Appearing as a guest on Thursday's Anderson Cooper 360, CNN Senior Political Analyst David Gergen admitted that GOP presidential candidate Marco Rubio "had a point" during the debate in calling out the media for ignoring Hillary Clinton's "clear inconsistency" in her Benghazi story, conceding that he had also joined in the media chorus focusing on "praising her performance."
But the CNN analyst then absurdly rationalized the media's behavior by blaming Republicans who "told us that this was a rigged process" for causing the media "naturally" to "look at it through that lens." Gergen did not mention that neither of the two Republicans who hinted at politics in the Benghazi investigation was even on the Benghazi committee.
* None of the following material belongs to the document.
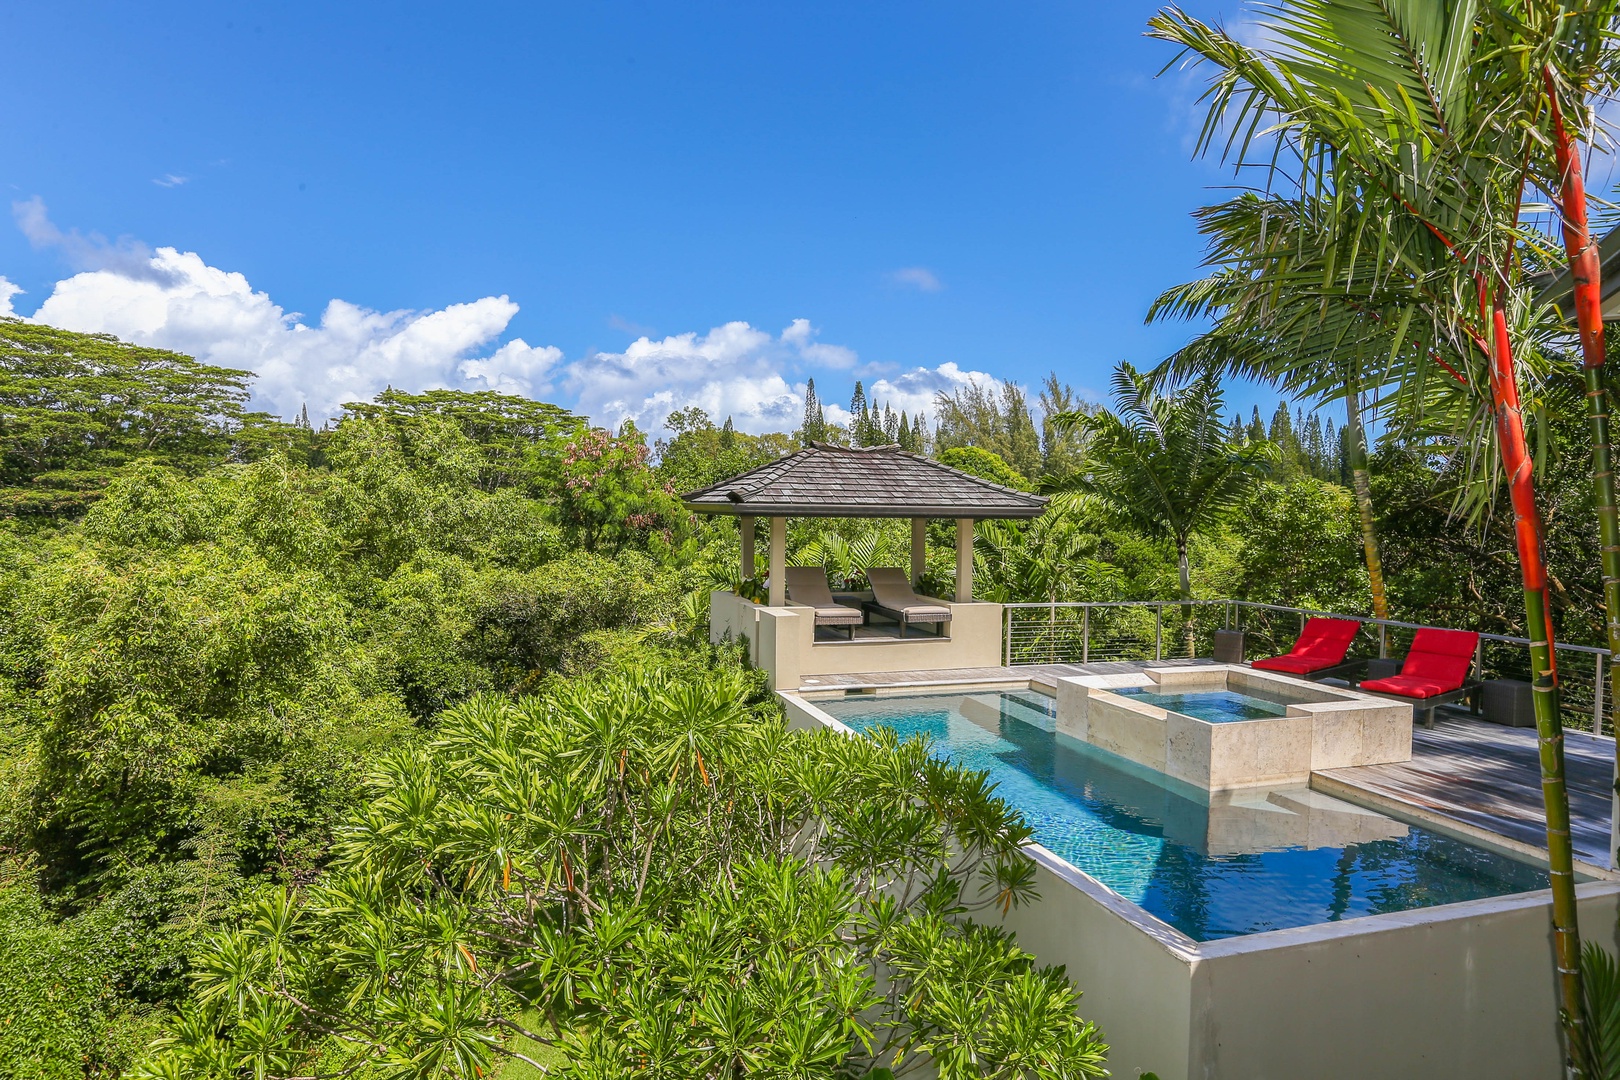 Princeville Vacation Rentals, Laulea Kailani Villa (KAUAI) - Great property to relax

At about 8:35 p.m., after host Anderson Cooper brought up Rubio's attack on the media, Gergen noted that conservative criticism of the media having a liberal bias against them dates back to the 1960s, and then declared:
And, you know, to be honest with you, I thought Marco Rubio had a point last night when he said that in the Benghazi hearings that Hillary Clinton emerged with a lot of us praising her performance and I thought, and I was among them. It's also true, as Rubio pointed out, we didn't talk a lot about the fact there was a clear inconsistency in her story, and Rubio says basically she's a liar about what happened and who she told what when, that the story given to the public was conflicted with what she was saying privately.
But the CNN analyst then pushed blame onto Republicans for causing the media to mishandle Benghazi coverage as he added:
And I think that's a legitimate concern on the part of Marco Rubio and the republicans, but, you know, Marco Rubio also didn't mention that the reason the media got so interested in whether she could handle these Republicans was it was Republicans who told us that this was a rigged job, that this was a rigged process, the Benghazi hearing, so naturally we looked at it through that lens when it was over.
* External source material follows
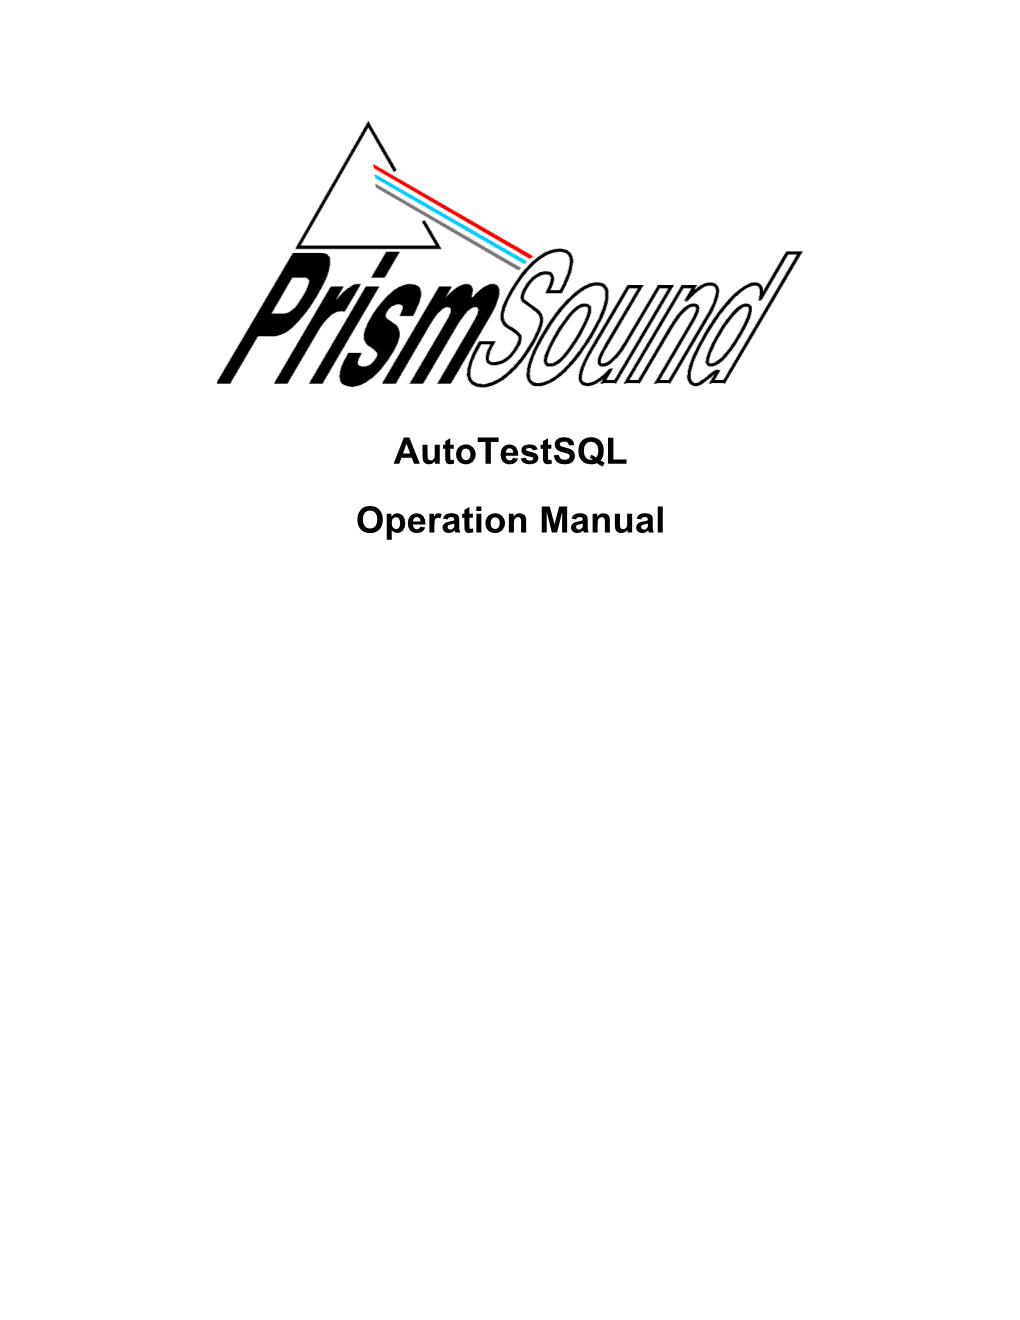 Autotestsql Operation Manual

Gergen ended up admitting that the dominant news media have a liberal bias:
This is a complicated story. I think the media gets a generally -- the mainstream media, print media -- tends to be more liberal. Talk radio tends to be very conservative.
Below is a transcript of the relevant portion of the Thursday, October 29, Anderson Cooper 360 on CNN:
DAVID GERGEN, CNN SENIOR POLITICAL ANALYST: Anderson, listen, as Rand Paul said last night, controversies in the sense of liberal bias in the mainstream media among Republicans, and especially among conservatives, does stretch all the way back to Goldwater 1964 convention and that whole campaign, and ever since then, that's when the media started looking, you know, I knew a lot of business people who were conservatives who were trying to buy one of the three networks so that there could be an alternative, and along came Fox of course, and I think there's more balance now than there used to be. But there is a widespread feeling among conservatives still that they don't get a fair shake,
And, you know, to be honest with you, I thought Marco Rubio had a point last night when he said that in the Benghazi hearings that Hillary Clinton emerged with a lot of us praising her performance and I thought, and I was among them. It's also true, as Rubio pointed out, we didn't talk a lot about the fact there was a clear inconsistency in her story, and Rubio says basically she's a liar about what happened and who she told what when, that the story given to the public was conflicted with what she was saying privately.
And I think that's a legitimate concern on the part of Marco Rubio and the Republicans, but, you know, Marco Rubio also didn't mention that the reason the media got so interested in whether she could handle these Republicans was it was Republicans who told us that this was a rigged job, that this was a rigged process, the Benghazi hearing, so naturally we looked at it through that lens when it was over.
This is a complicated story. I think the media gets a generally -- the mainstream media, print media -- tends to be more liberal. Talk radio tends to be very conservative.